The specific implementation of the speech synthesis apparatus is substantially the same as the specific implementation of the speech synthesis method, and is not described herein again.

An embodiment of the present application further provides an electronic device, where the electronic device includes: a memory, a processor, a program stored on the memory and executable on the processor, and a data bus for enabling a connection communication between the processor and the memory, the program, when executed by the processor, implementing the above-described speech synthesis method.
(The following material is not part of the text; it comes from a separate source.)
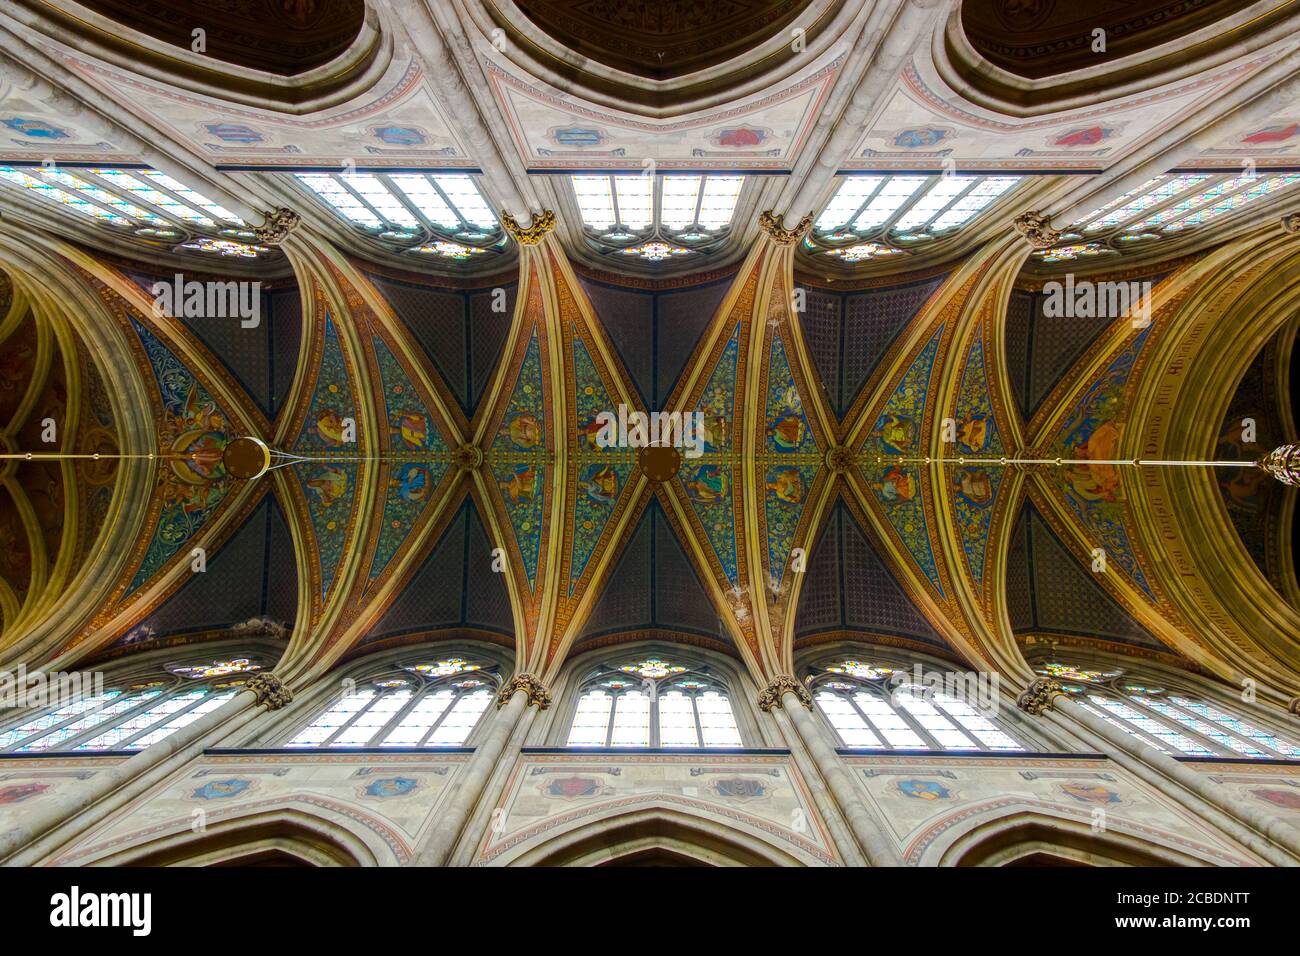 Ein Innenraum, gerader Blick auf die hohe, gewölbte, bemalte Decke der Votivkirche, Votivkirche. In Wien, Österreich. Stockfoto

The electronic equipment can be any intelligent terminal including a tablet computer, a vehicle-mounted computer and the like.
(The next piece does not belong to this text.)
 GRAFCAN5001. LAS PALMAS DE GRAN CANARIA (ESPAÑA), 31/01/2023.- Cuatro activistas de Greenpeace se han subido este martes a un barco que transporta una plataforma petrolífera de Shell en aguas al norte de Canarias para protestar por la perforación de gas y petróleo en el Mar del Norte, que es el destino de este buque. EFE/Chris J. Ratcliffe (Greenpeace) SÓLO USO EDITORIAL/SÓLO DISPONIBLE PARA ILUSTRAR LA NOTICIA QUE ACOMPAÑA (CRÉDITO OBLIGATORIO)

Referring to fig. 9, fig. 9 illustrates a hardware structure of an electronic device according to another embodiment, where the electronic device includes:

the processor 901 may be implemented by a general-purpose CPU (central processing unit), a microprocessor, an Application Specific Integrated Circuit (ASIC), or one or more integrated circuits, and is configured to execute a relevant program to implement the technical solution provided in the embodiment of the present application;

the memory 902 may be implemented in the form of a Read Only Memory (ROM), a static storage device, a dynamic storage device, or a Random Access Memory (RAM). The memory 902 may store an operating system and other application programs, and when the technical solution provided in the embodiments of the present specification is implemented by software or firmware, the relevant program codes are stored in the memory 902 and called by the processor 901 to execute the speech synthesis method in the embodiments of the present application;

an input/output interface 903 for implementing information input and output;

a communication interface 904, configured to implement communication interaction between the device and another device, where communication may be implemented in a wired manner (e.g., USB, network cable, etc.), or in a wireless manner (e.g., mobile network, WIFI, bluetooth, etc.);

a bus 905 that transfers information between various components of the device (e.g., the processor 901, the memory 902, the input/output interface 903, and the communication interface 904);

wherein the processor 901, the memory 902, the input/output interface 903 and the communication interface 904 enable a communication connection within the device with each other through a bus 905.
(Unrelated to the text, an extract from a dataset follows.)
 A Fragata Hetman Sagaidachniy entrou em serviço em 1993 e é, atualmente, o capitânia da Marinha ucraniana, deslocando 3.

Embodiments of the present application also provide a computer-readable storage medium storing one or more programs, which are executable by one or more processors to implement the above-mentioned speech synthesis method.

The memory, as a non-transitory computer-readable storage medium, may be used to store non-transitory software programs as well as non-transitory computer-executable programs. Further, the memory may include high speed random access memory, and may also include non-transitory memory, such as at least one disk storage device, flash memory device, or other non-transitory solid state storage device. In some embodiments, the memory optionally includes memory located remotely from the processor, and these remote memories may be connected to the processor through a network. Examples of such networks include, but are not limited to, the internet, intranets, local area networks, mobile communication networks, and combinations thereof.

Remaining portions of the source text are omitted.